Sergio Bozzo, encargado del Centro de Habilidades Clínicas de la U. de Chile, explica que estas herramientas permiten “empoderar la práctica real. Actualmente, las atenciones en los centros sanitarios ambulatorios tienen el drama de que el estudiante es una carga, se demora más y tiene más riesgos. Sin embargo, acá tiene el permiso para equivocarse. Esto no reemplaza la práctica real, pero sí la empodera”, dice.

Estos centros funcionan como verdaderos recintos médicos por el periodo de 20 minutos que dura la consulta, donde el estudiante recibe a un paciente (simulado) y le realiza todos los protocolos establecidos, es decir, saludo inicial, entrevista personal, recetas médicas, llenar la ficha médica, examinar al paciente y emitir un diagnóstico, según la información que le entrega el paciente.

Martín Muñoz (36), otro actor que se ha dedicado los últimos cinco años a interpretar a pacientes simulados, explica que, en promedio, una semana antes son contactados por los docentes, quienes les entregan el guión para crear y estudiar al personaje.

“Nos dan casos específicos y súper pauteados que debemos aprender según el guion que nos entregan. Luego lo presentamos a los profesores y ellos ven si está bien logrado o si hay que hacer algún cambio”, dice.

Agrega que, además de la actuación, los pacientes simulados realizan una evaluación de los estudiantes y la atención que recibieron, lo que también es considerado por los profesores que vigilan las escenas mediante cámaras y salas espejo, para posteriormente entregarles sugerencias y recomendaciones a los estudiantes, junto con el resultado de sus exámenes.

Martín recuerda que una vez le tocó un médico de unos 50 años que estaba revalidando su título profesional, y “de los nervios vomitó en medio de la actividad, lo que obligó a detener la escena”, dijo.

Masificación

El paciente simulado es una herramienta que también han comenzado a ocupar otras universidades, como la U. del Desarrollo, la U. Mayor y la U. San Sebastián (USS), entre otras. En esta última se cuenta hace poco menos de un año con un Centro de Simulación Clínica e Innovación para las carreras de la salud, donde tienen al menos 25 actores. Varinia Aguilera (52) es la coordinadora de la Unidad de Pacientes Simulados, y ha ejercido en el rubro de la simulación clínica durante 12 años.

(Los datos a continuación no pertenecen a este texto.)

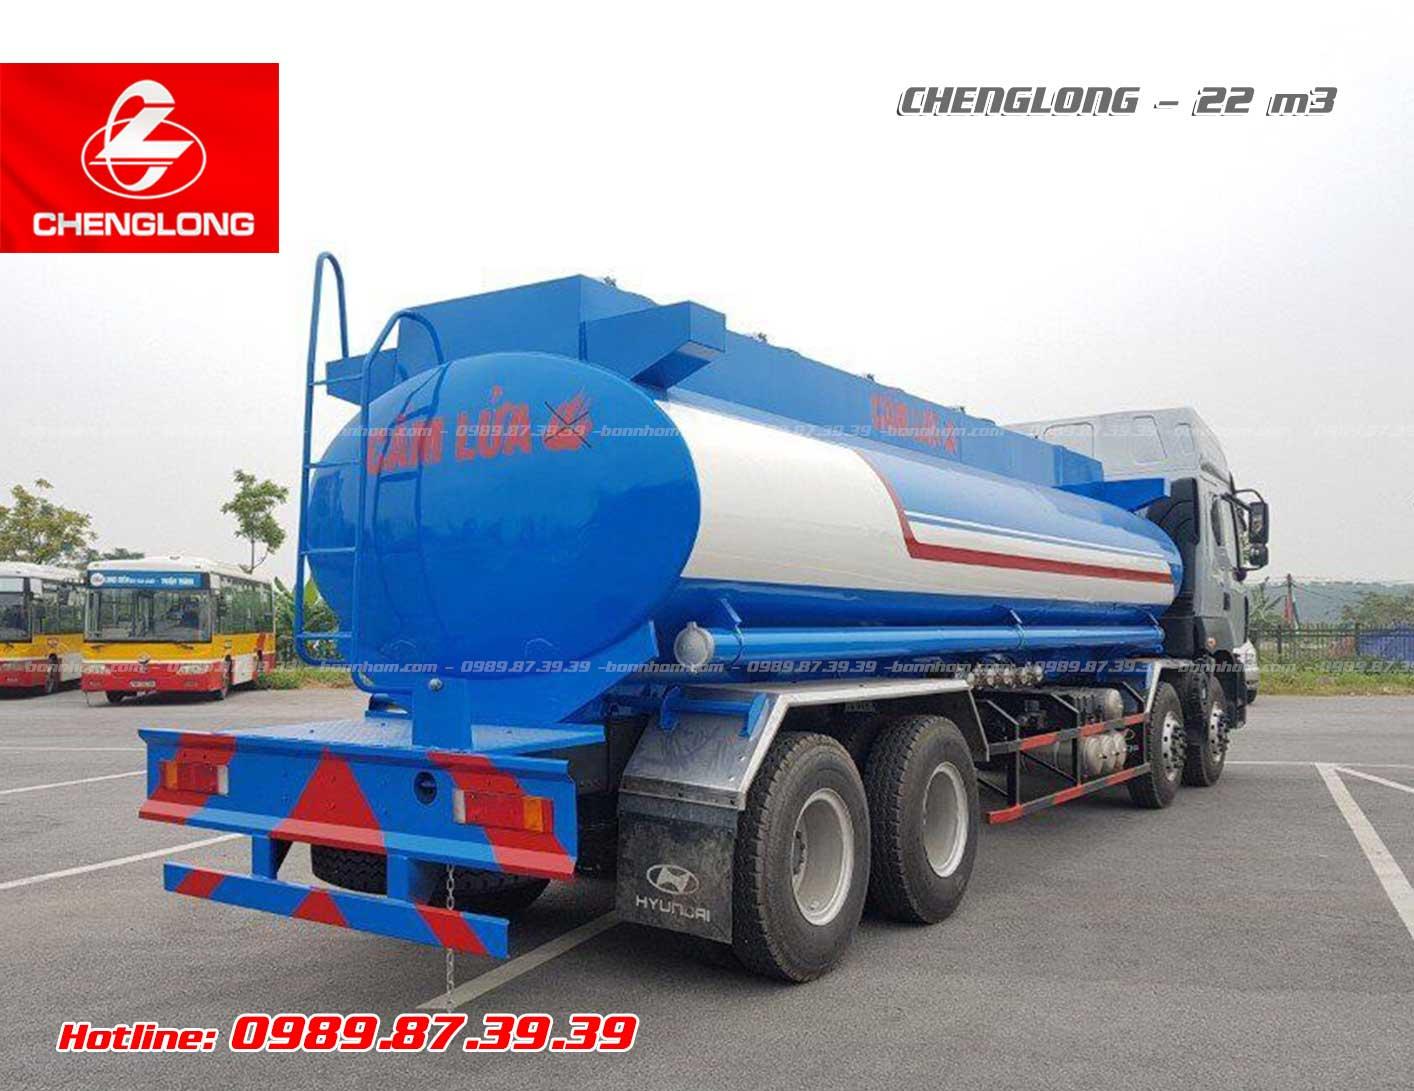 Xe bồn chở xăng dầu Chenglong 4 chân 22m3 khối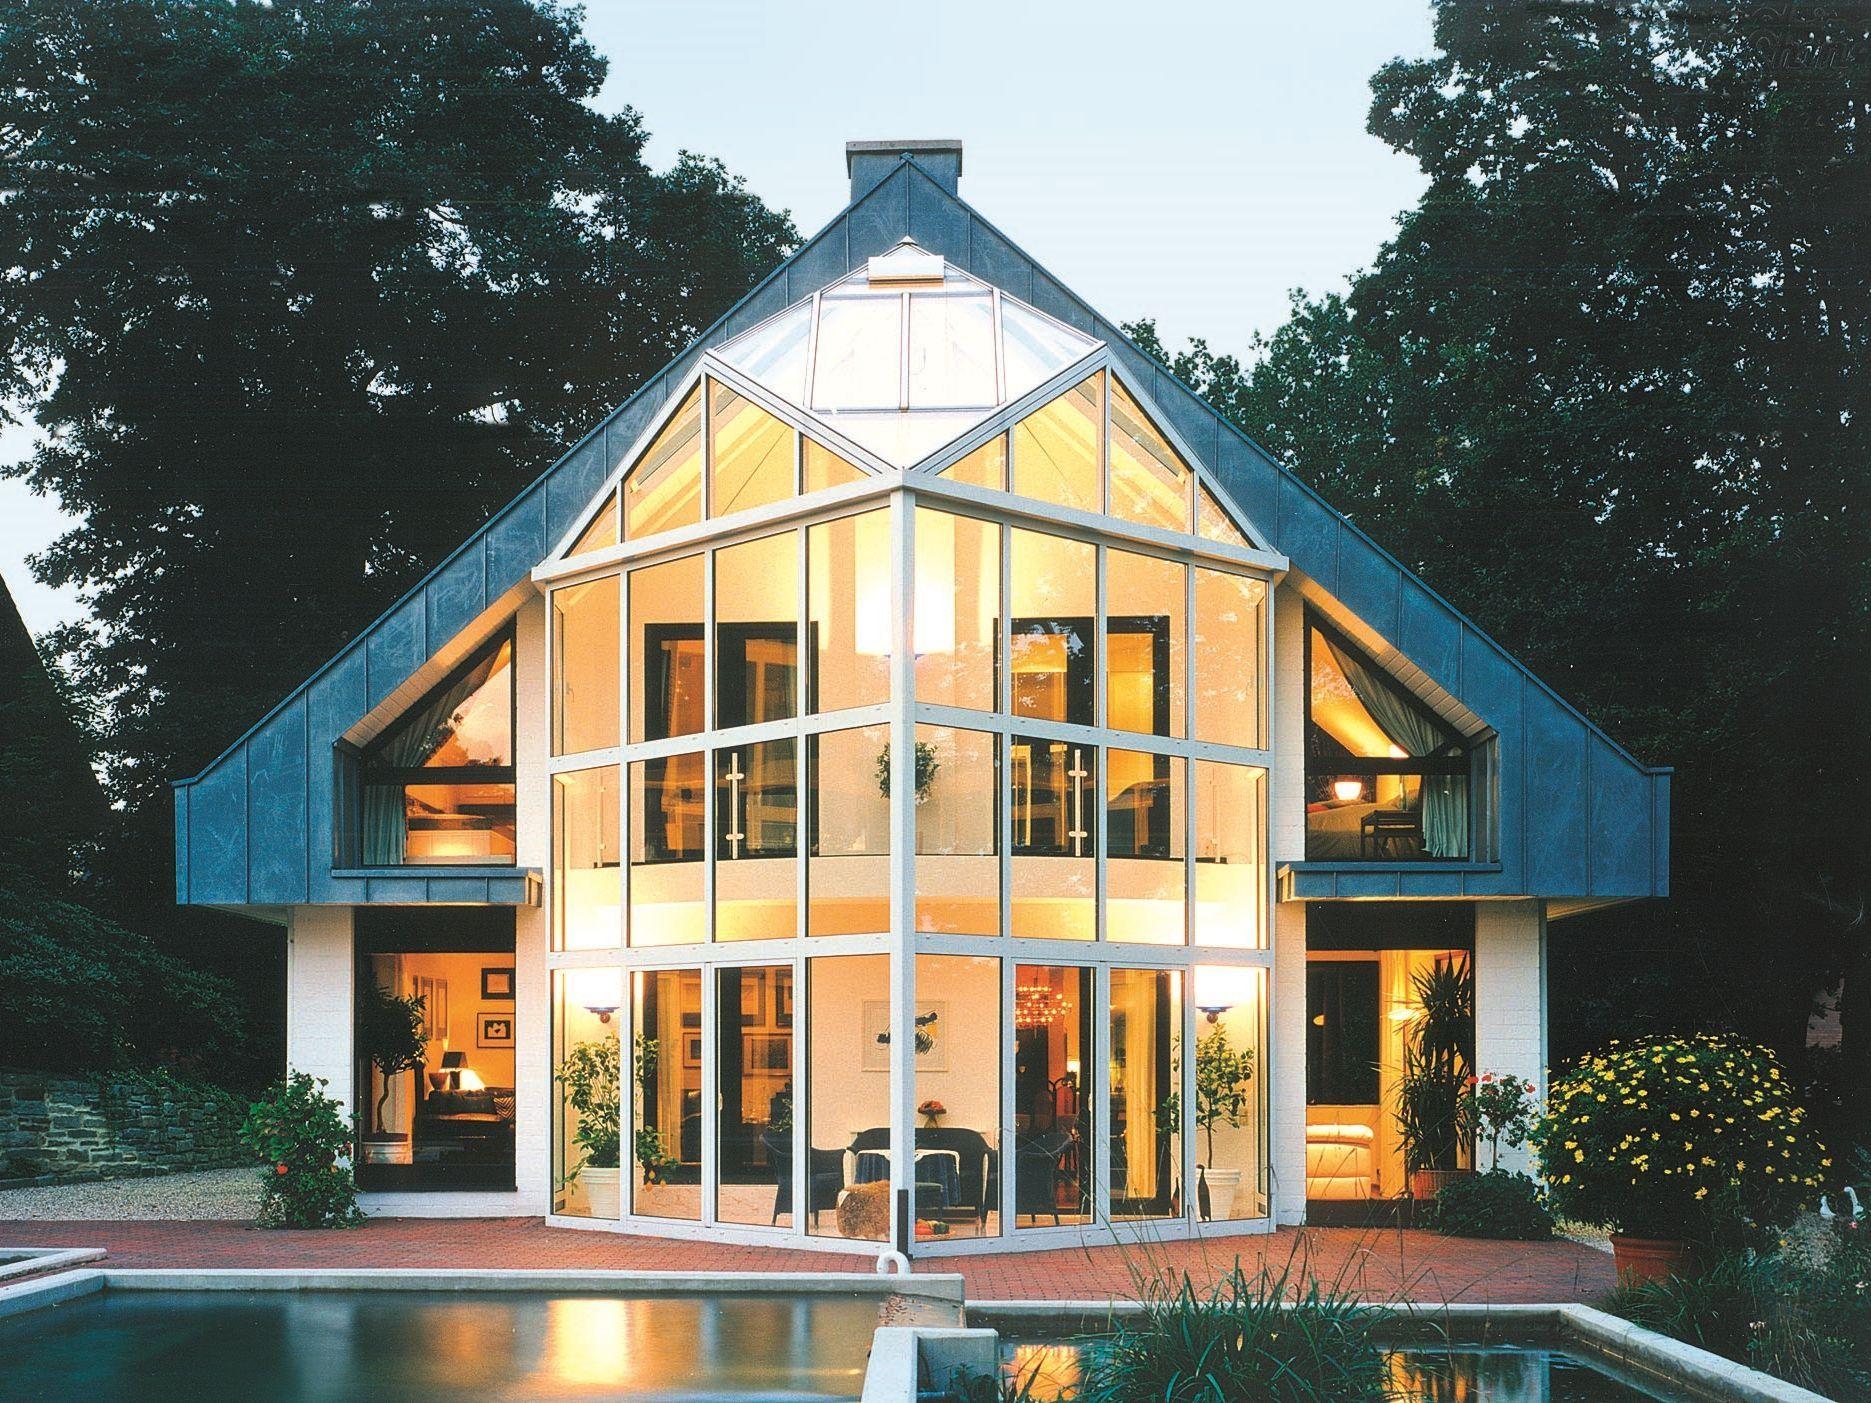 wintergarten vielfalt in nutzung und stil. Black Bedroom Furniture Sets. Home Design Ideas

“Partí en la UC y cuando vi que mi actuación y la de cualquiera hacía que el alumno se metiera en el juego, me gustó como herramienta de aprendizaje y me enamoré de esto”, dice.

Agrega que “aquí el ego del actor se va a las pailas, porque no hay aplausos. Aquí se trabaja para otros. Tú sientes que lo hiciste bien si el estudiante te creyó y si aprendió, esa es tu recompensa”, describe Varinia.